GCC businesses would receive an immediate boost in profit if a GCC-wide visa system were adopted, or at least could enjoy longer lunch breaks, says CMME’s International Editor Stian Overdahl
Travelling between Europe and the GCC, and there are some cultural differences that make themselves felt within the business world. Despite economic conditions, the longer lunch (as long as two hours) has not disappeared from Europe, where there is an obviously more-relaxed pace to the business day.
Travelling with Europe’s Schengen Area for a business trip is also an enlightening experience, with no visa controls, and consequently the amount of queuing is significantly reduced.
Meanwhile when travelling in the GCC countries it is apparent there are contradictions in the region – certain features that are technologically advanced, and cutting edge by international standards, and brand new infrastructure, which exists alongside habits that belong to a low-wage, labour-surplus economy.
In Europe it seems that the high cost of labour has meant that the low-hanging fruit in terms of efficiency have already been plucked, while in the Middle East there’s plenty of ways that efficiency region-wide could be improved.
Air travel is a key asset to business in the GCC, with many companies operating across several, if not all, of the six nations, and others in the region. Managers sometimes fly into a city for a single day of meetings and progress inspections.

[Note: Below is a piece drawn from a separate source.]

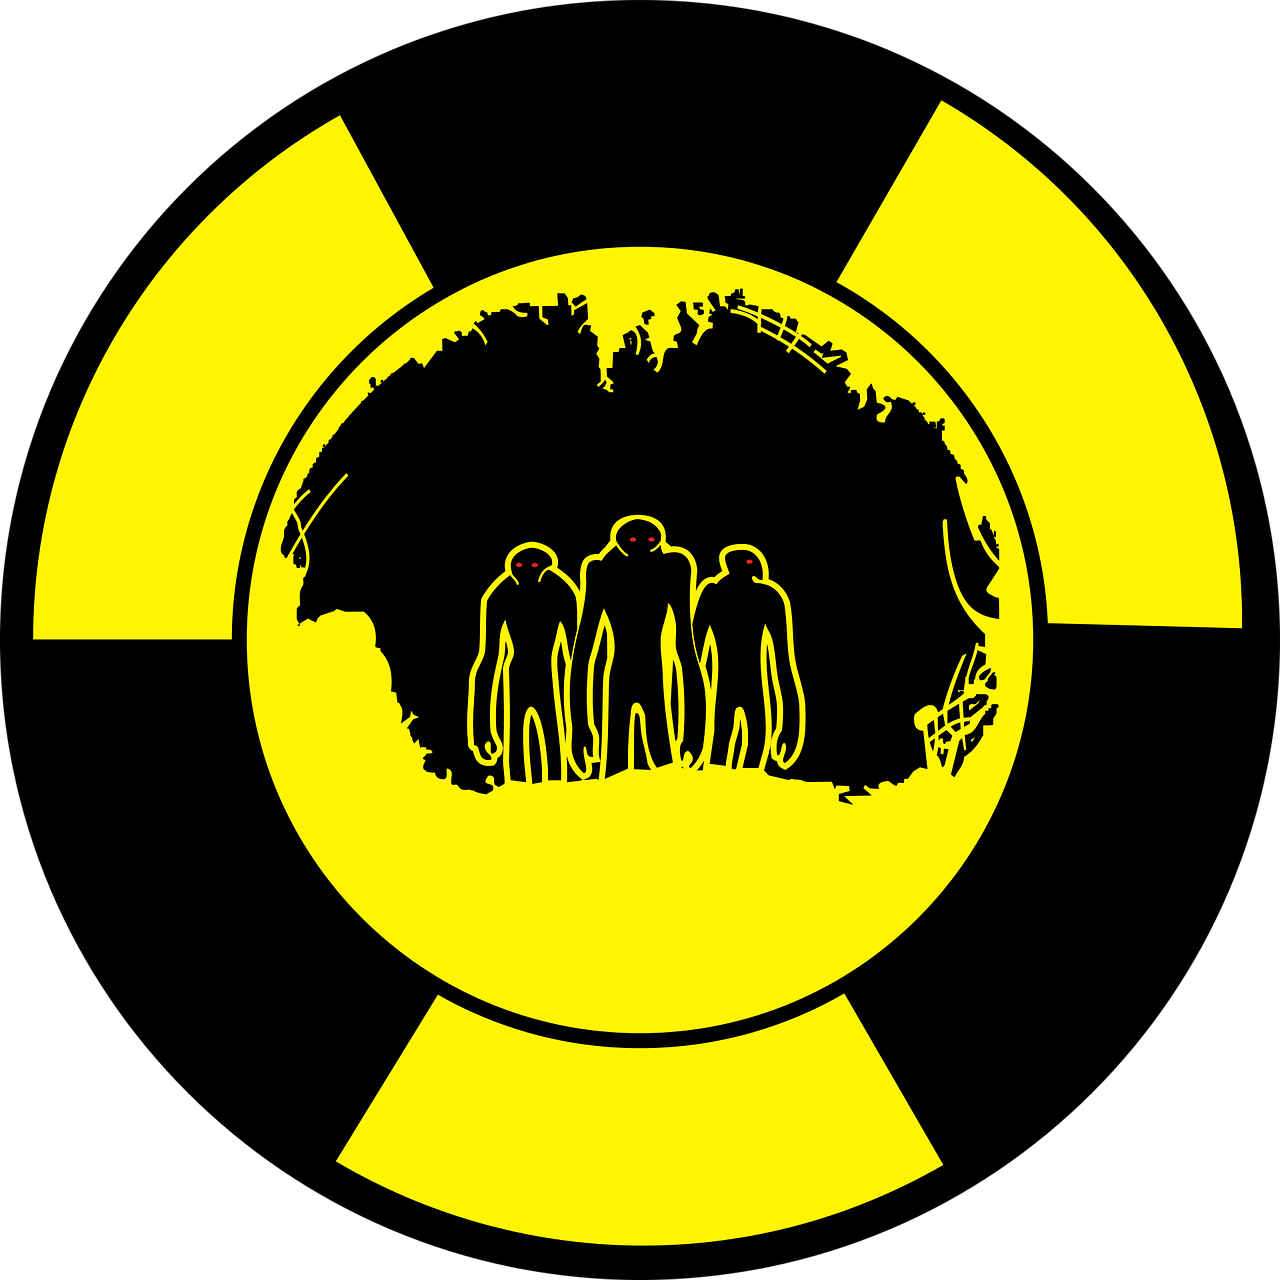 Radiacija, Personažai, Tunelis, Sunaikinimas, Radioaktyvumas, Siluetai, Monstras, Laužas, Šiukšlių, Mediena

The money that is being invested in new airports – whether Doha, Jeddah or Dubai – is improving the experience for business travellers, likewise with stream-lining services like e-gate cards.
But the quantum leap will come when GCC-wide visas are adopted. Consider the amount of time that would be saved in the average businessman’s week if there was no need to queue for visas when travelling between GCC countries, not to mention the improvement in their mental health.
It’s no secret that the time spent waiting in visa queues across the GCC varies, depending on the airport, but equally the time of day and the number of flights arriving. It’s this uncertainty which is another problem for the business community – when planning to fly into a city for a 10am meeting, this means either booking an extra-early flight (setting the alarm clock for the dreaded 5.30am), or leaving it to chance that the queue won’t be exceptionally long, or slow-moving.
The good news is that efforts are underway to introduce GCC visas, with a single visa for tourists to the GCC likely to be introduced mid-way through next year. This will allow a single entry visa for all six countries – including Saudi Arabia – valid for one month, and a multi-entry visa valid for a full year.
In order to roll out the system, an incredible amount of work is going on behind the scenes, with governments having to communicate to one another on important issues such as security and share databases on restricted persons.
From the business community’s point of view, operating on a type of single-GCC visa can’t come soon enough. It stands to reason that, given the closeness of the GCC countries and their aims, that a person who is given residence in one country should be able to travel to another of the GCC nations.
Nevertheless there are obviously systems that have to be put in place to prevent unscrupulous individuals taking advantage of freedoms – this would include a GCC-wide database of debtors, so that individuals don’t try to flee unpaid debts across second-country borders.
Nevertheless, creation of single-GCC visas would improve the efficiency of businesses and increase profits through less wasted man-hours, especially as skill and remuneration rates in the region increase, and would improve the overall experience of conducting business.
And it would mean that businessmen in the GCC can enjou shorter queues, and therefore longer lunches (or at least shorter working days!).